Based on the SEC average price assumptions of $2.76 per mcf for natural gas and $94.71 per barrel for crude oil, net proved oil and gas reserves were 723.4 Bcfe at a PV-10 amount of approximately $619.9 million, which does not include the value of ARP’s commodity derivatives. The fair value of ARP’s commodity derivatives at December 31, 2012 was approximately $17.5 million.


E&P Operations

 

   

Average net daily production for the fourth quarter 2012 was 110.1 million cubic feet of natural gas equivalents per day (Mmcfed), an increase of 13.9 Mmcfed, or 14%, compared with the third quarter 2012. The increase was primarily due to a full quarter’s volume from the acquisition of the remaining 50% interest in Equal Energy, Ltd.’s approximately 8,500 net undeveloped acres in the core of the Mississippi Lime play in northwestern Oklahoma in September 2012, and a full quarter’s volume from the acquisition of Titan Operating, LLC (“Titan”) in the Barnett Shale in July 2012.

 

   

Investment partnership margin(2) contributed $10.7 million to Adjusted EBITDA and distributable cash flow for the fourth quarter 2012. In December 2012, ARP completed fundraising for Atlas Resources Series 32 – 2012, raising a total of approximately $127.1 million in investor capital.

 

(2) Investment partnership margin is comprised of Well Construction and Completion margin, Well Services margin and Administration and Oversight Fee revenues.

Hedge Positions

 

   

ARP expanded its natural gas and oil hedge positions during the fourth quarter 2012. ARP currently has approximately 114.9 Bcfe of its future production hedged through 2017. A summary of ARP’s current derivative positions as of February 21, 2013 is provided in the financial tables of this release.

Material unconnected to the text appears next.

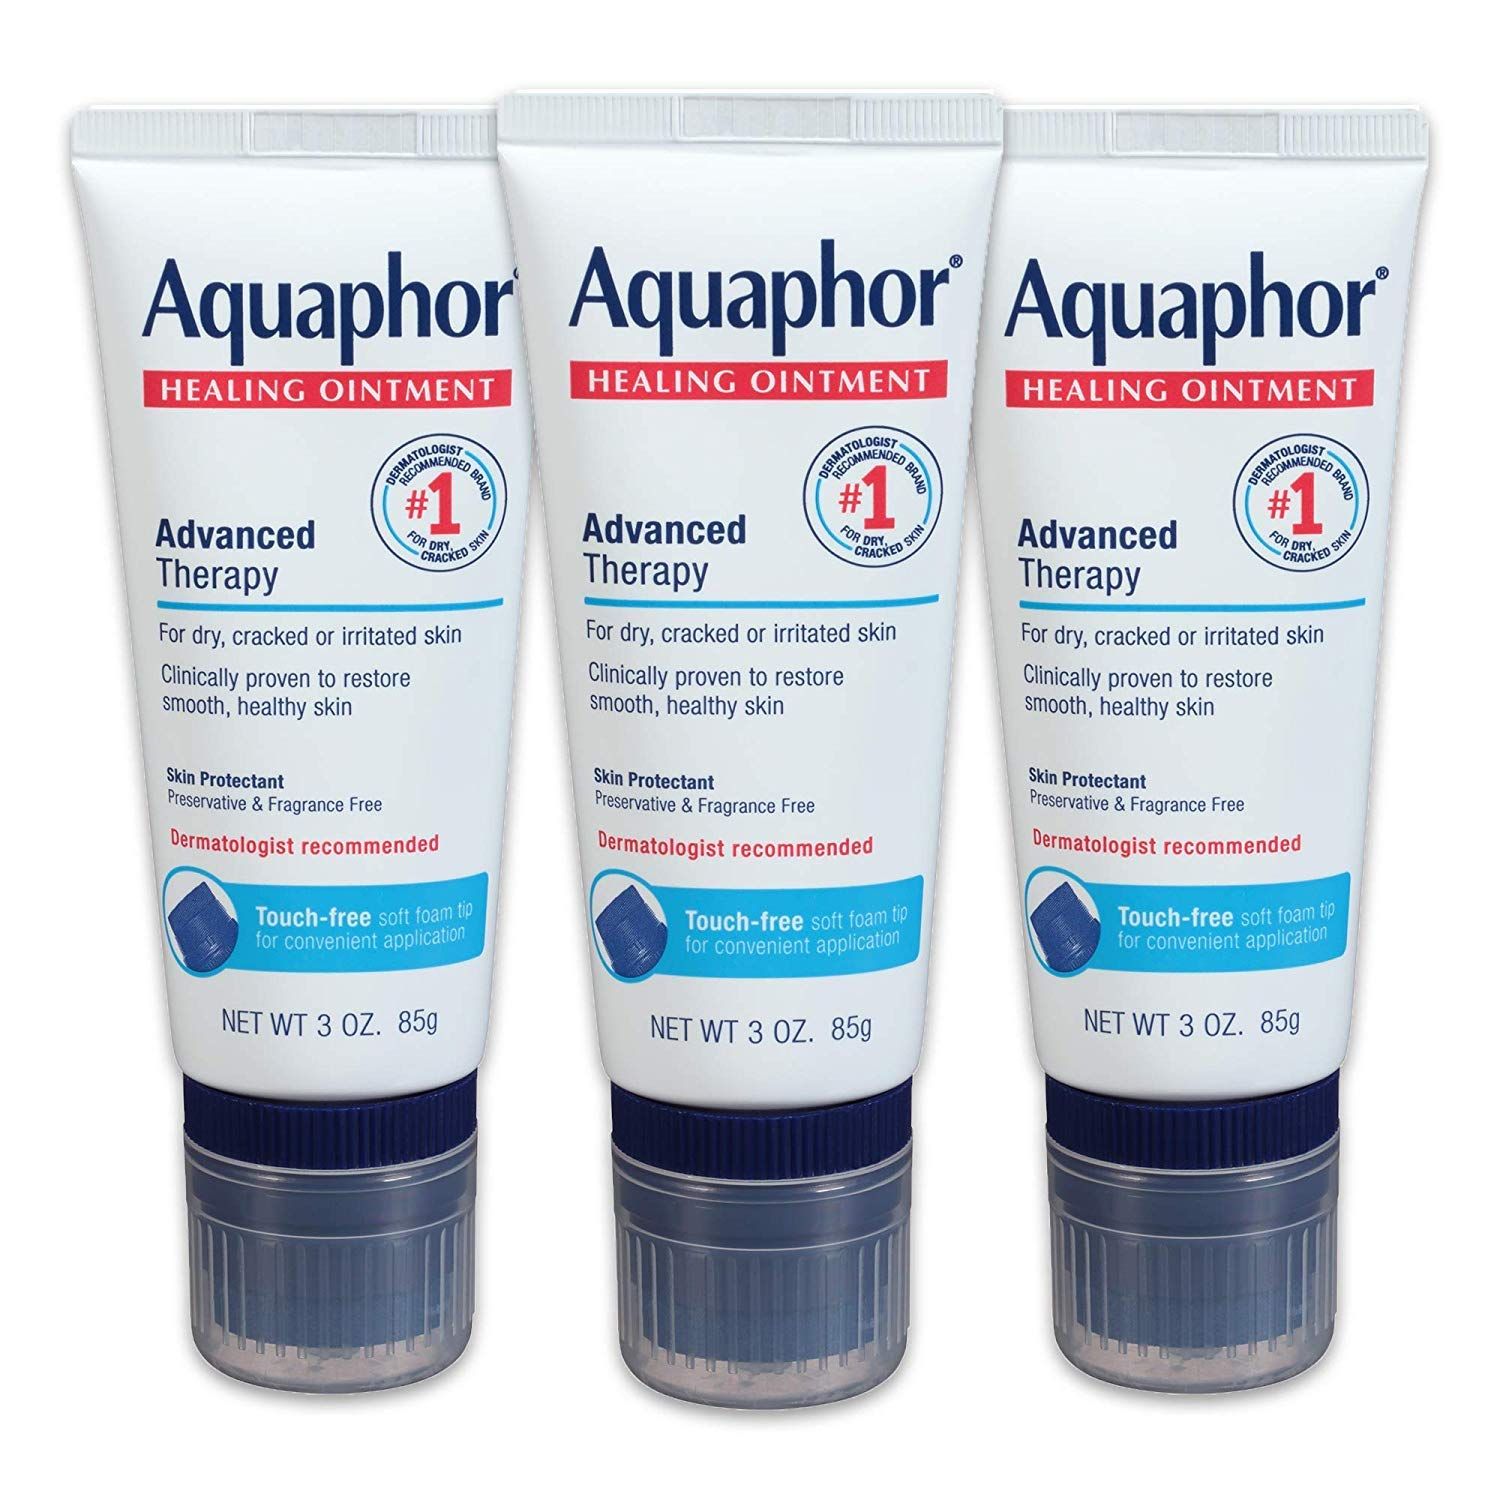 Aquaphor Healing Ointment With Touch-Free Applicator For Dry Chapped Skin, Use After Hand Washing fo | Amazon (US)
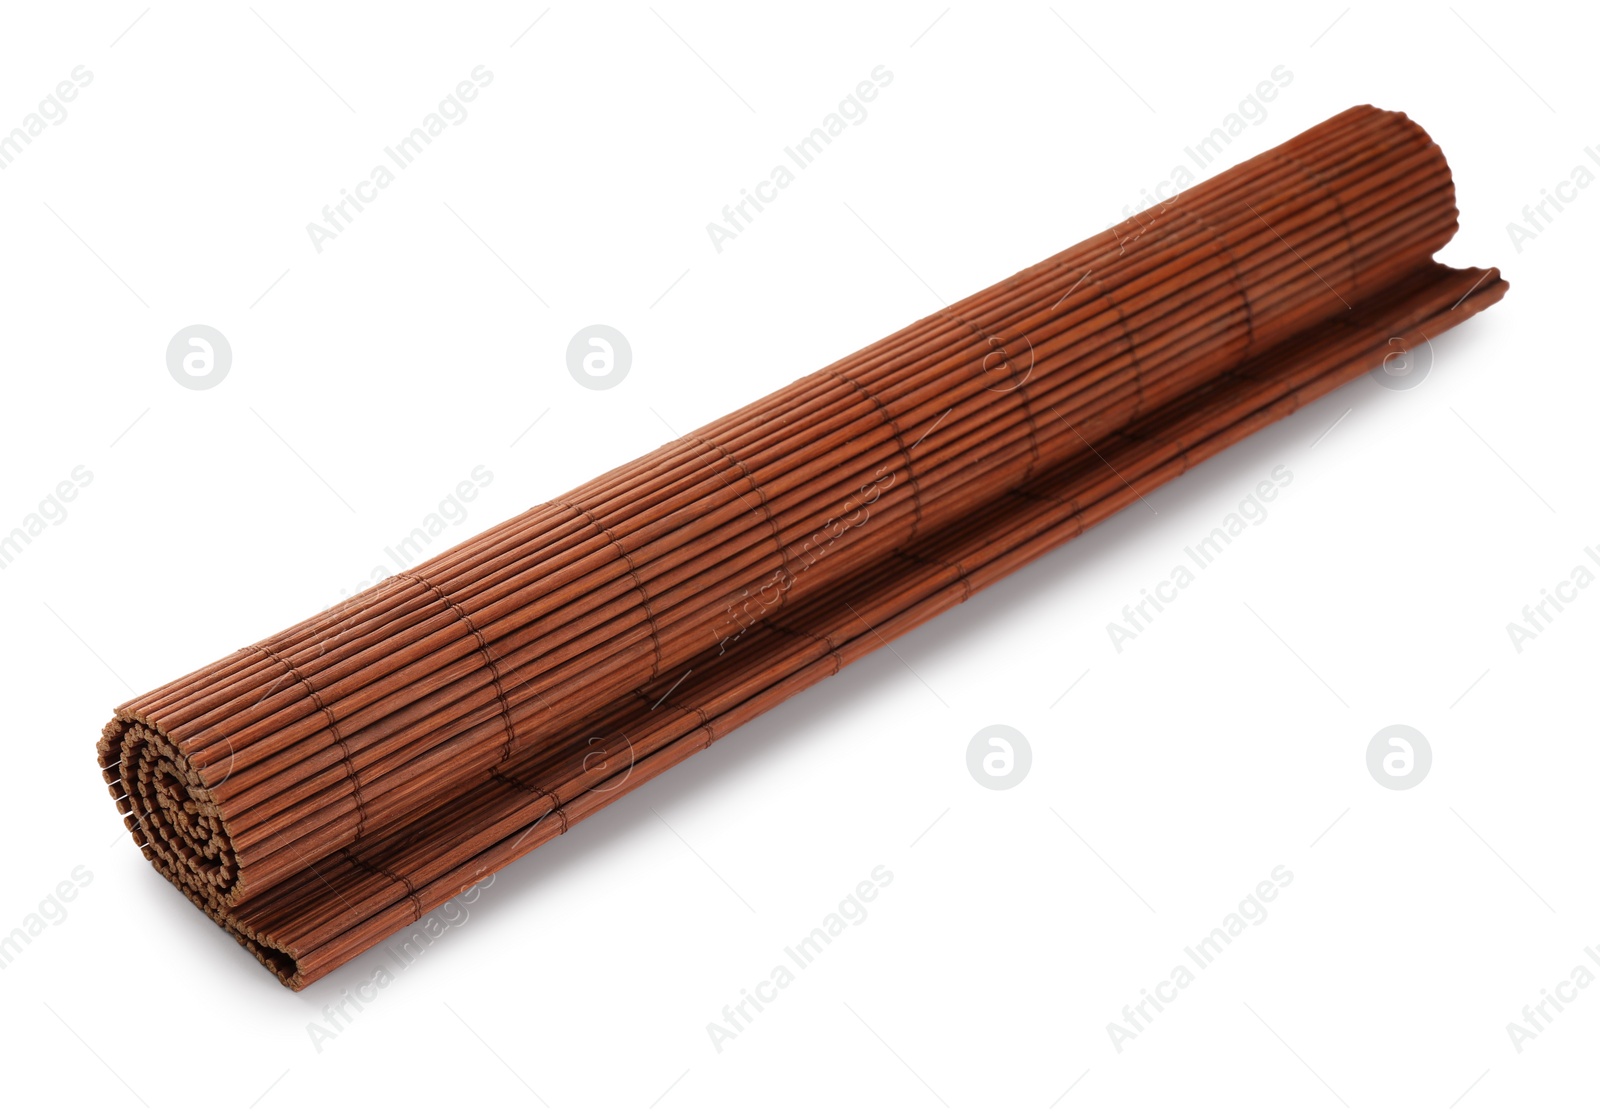 Photo of Rolled sushi mat made of bamboo on white background

Corporate Expenses & Capital Position

 

   

Cash general and administrative expense was $9.0 million for the fourth quarter 2012, consistent with the third quarter 2012 and a $6.3 million decrease from the prior year fourth quarter. The decrease from prior year fourth quarter was principally due to higher allocations of management time and corporate expenses in the prior year by Atlas Energy, L.P., which was prior to ARP’s spinoff in March 2012.

 

   

Cash interest expense was $0.9 million for the fourth quarter 2012, which was consistent with the third quarter 2012. As of December 31, 2012, ARP had $351.4 million of total debt, including a $75.4 million term loan and $276.0 million outstanding under its revolving credit facility, which has a current borrowing base of $368.8 million, and a cash position of $23.2 million. In January 2013, ARP issued $275 million of 7.75% Senior Notes due 2021 and received net proceeds of $268.3 million after underwriting commissions and other transaction costs, which were utilized to repay and terminate the term loan and reduce the outstanding balance on its revolving credit facility.

*    *    *

Interested parties are invited to access the live webcast of an investor call with management regarding Atlas Resource Partners, L.P.’s fourth quarter 2012 results on Friday, February 22, 2013 at 9:00 am ET by going to the Investor Relations section of Atlas Resource’s website at www.atlasresourcepartners.com. For those unavailable to listen to the live broadcast, the replay of the webcast will be available following the live call on the Atlas Resource website and telephonically beginning at 11:00 a.m. ET on February 22, 2013 by dialing 888-286-8010, passcode: 12321370.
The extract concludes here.